Придя домой, Червяков рассказал жене о своем невежестве. Жена, как показалось ему, слишком легкомысленно отнеслась к происшедшему; она только испугалась, а потом, когда узнала, что Бризжалов «чужой», успокоилась.
– А все-таки ты сходи, извинись, – сказала она. – Подумает, что ты себя в публике держать не умеешь!
– То-то вот и есть! Я извинялся, да он как-то странно… Ни одного слова путного не сказал. Да и некогда было разговаривать.
На другой день Червяков надел новый вицмундир, постригся и пошел к Бризжалову объяснить… Войдя в приемную генерала, он увидел там много просителей, а между просителями и самого генерала, который уже начал прием прошений. Опросив несколько просителей, генерал поднял глаза и на Червякова.
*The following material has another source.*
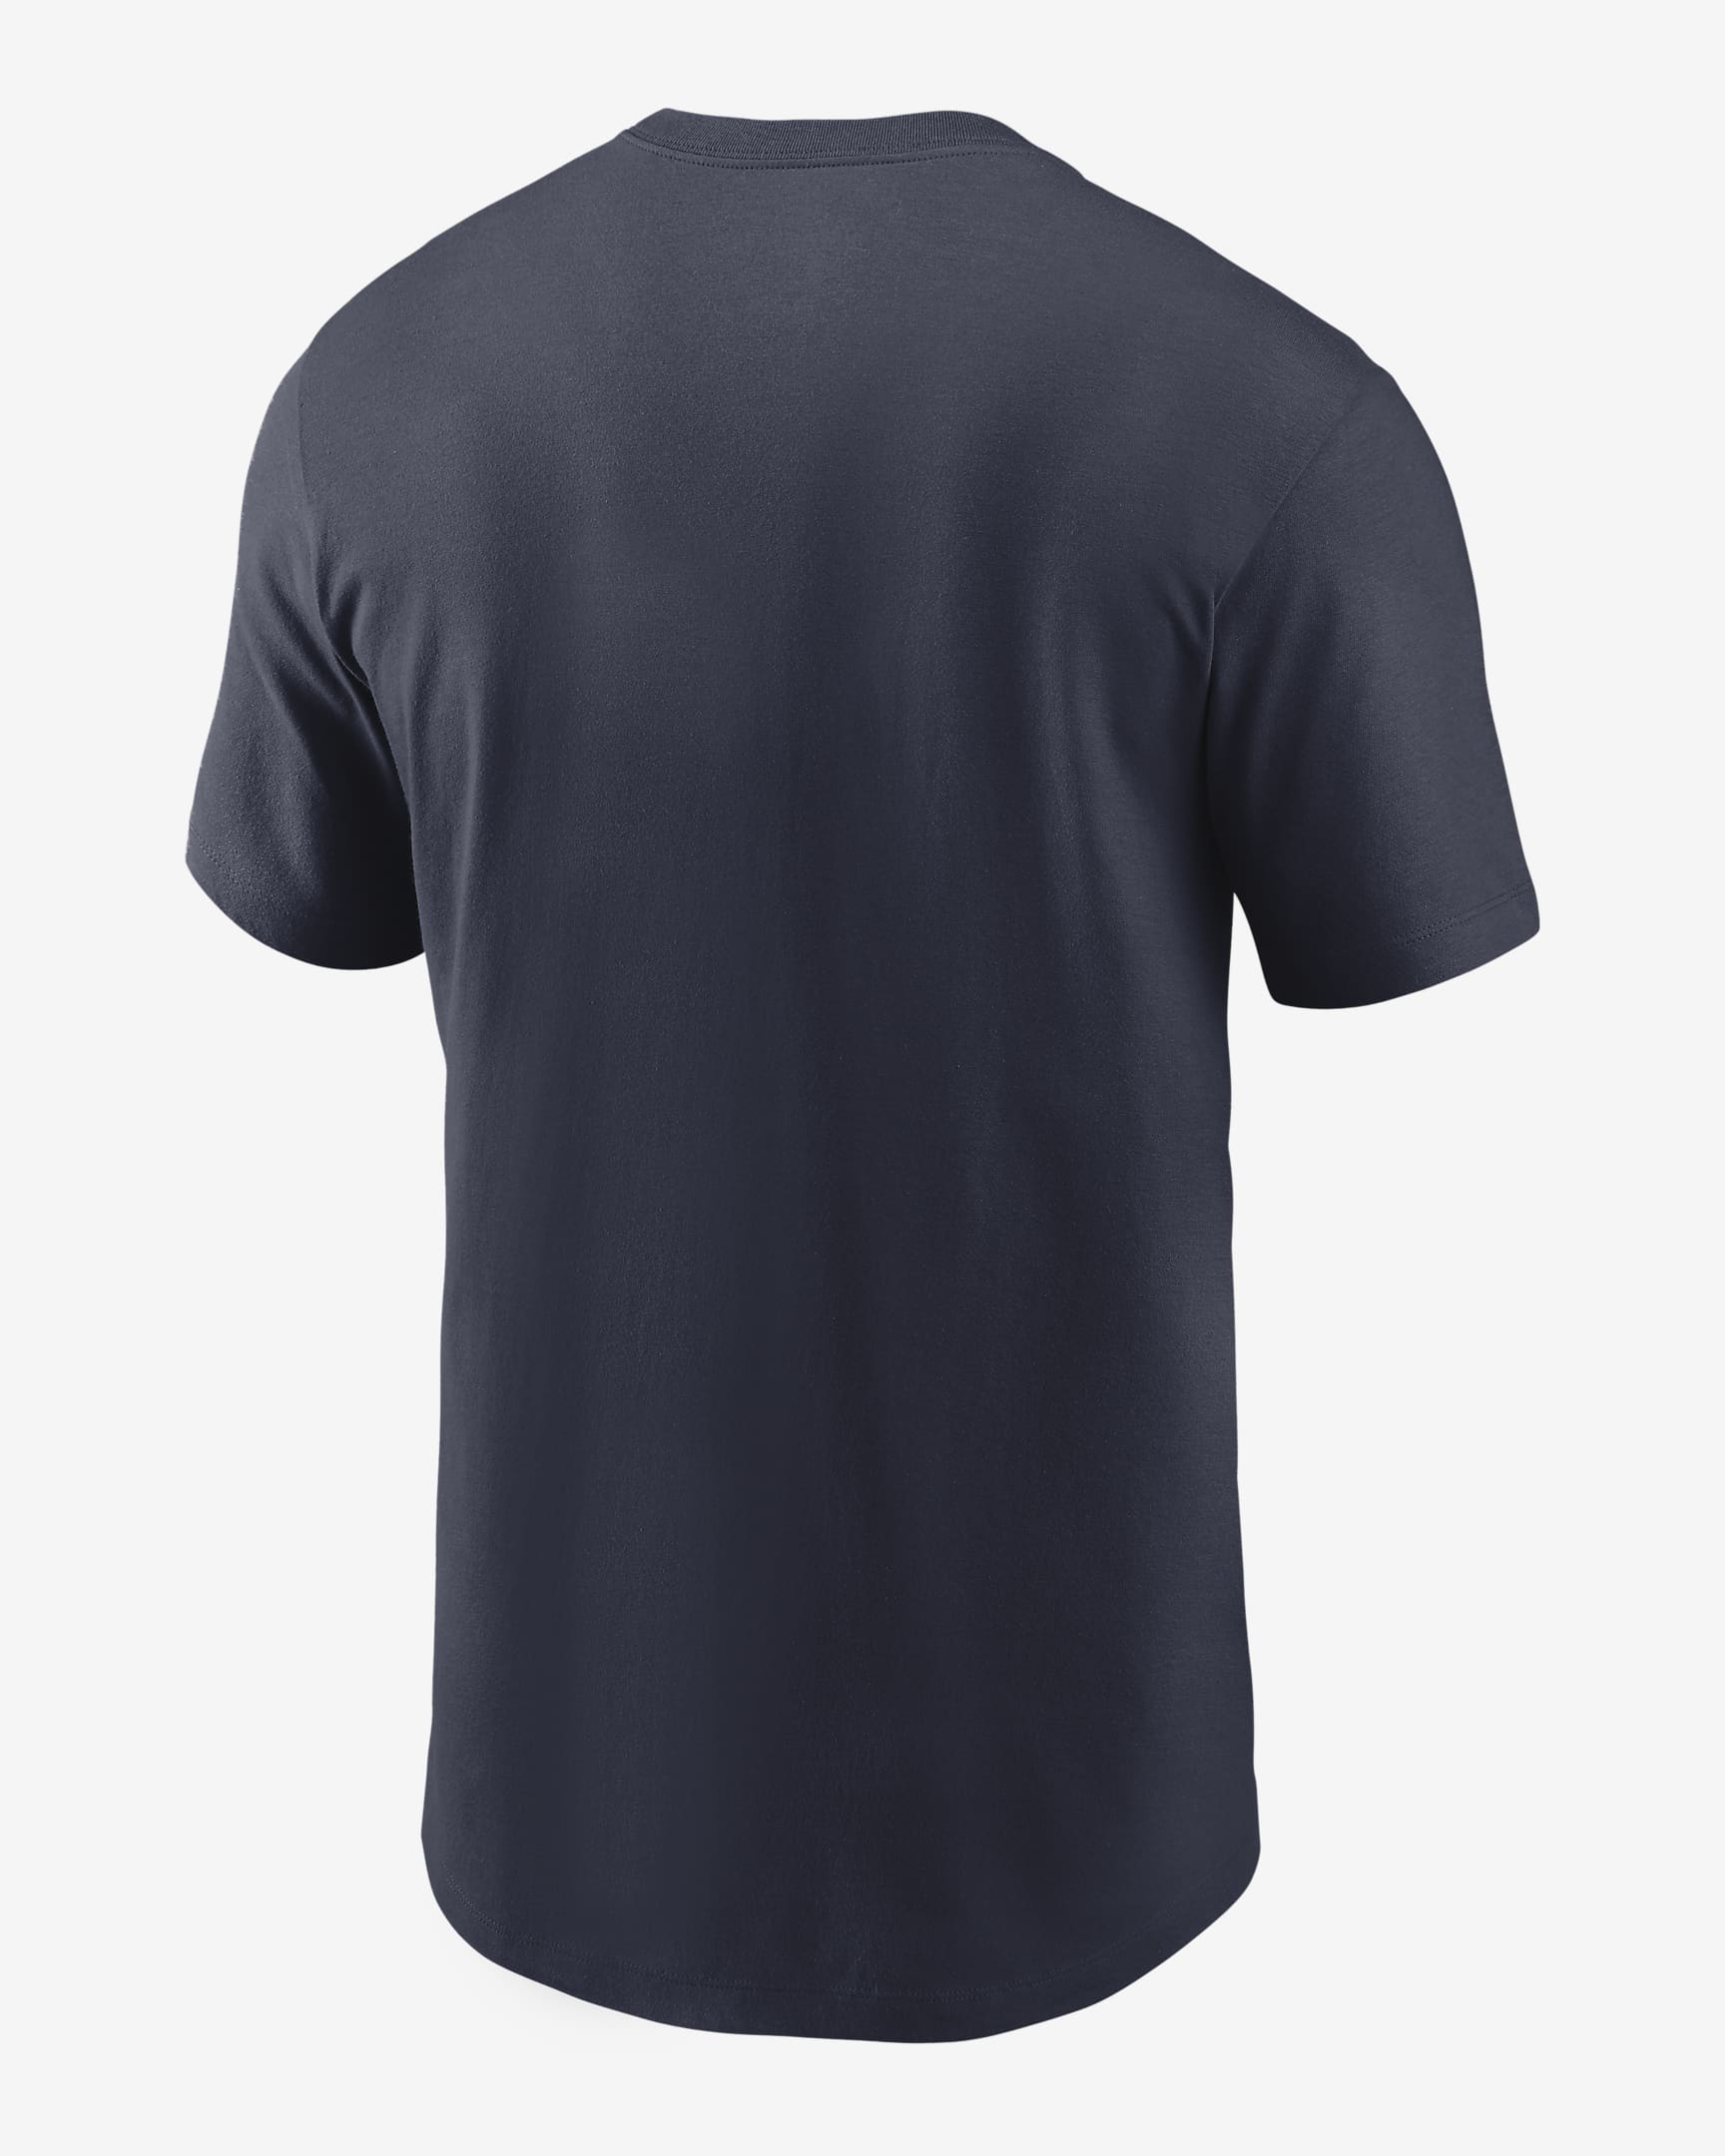 Nike (NFL New England Patriots) Men's T-Shirt. Nike.com

– Вчера в «Аркадии», ежели припомните, ваше-ство, – начал докладывать экзекутор, – я чихнул-с и… нечаянно обрызгал… Изв…
– Какие пустяки… Бог знает что! Вам что угодно? – обратился генерал к следующему просителю.
«Говорить не хочет! – подумал Червяков, бледнея. – Сердится, значит… Нет, этого нельзя так оставить… Я ему объясню…»
Когда генерал кончил беседу с последним просителем и направился во внутренние апартаменты, Червяков шагнул за ним и забормотал:
– Ваше-ство! Ежели я осмеливаюсь беспокоить ваше-ство, то именно из чувства, могу сказать, раскаяния!.. Не нарочно, сами изволите знать-с!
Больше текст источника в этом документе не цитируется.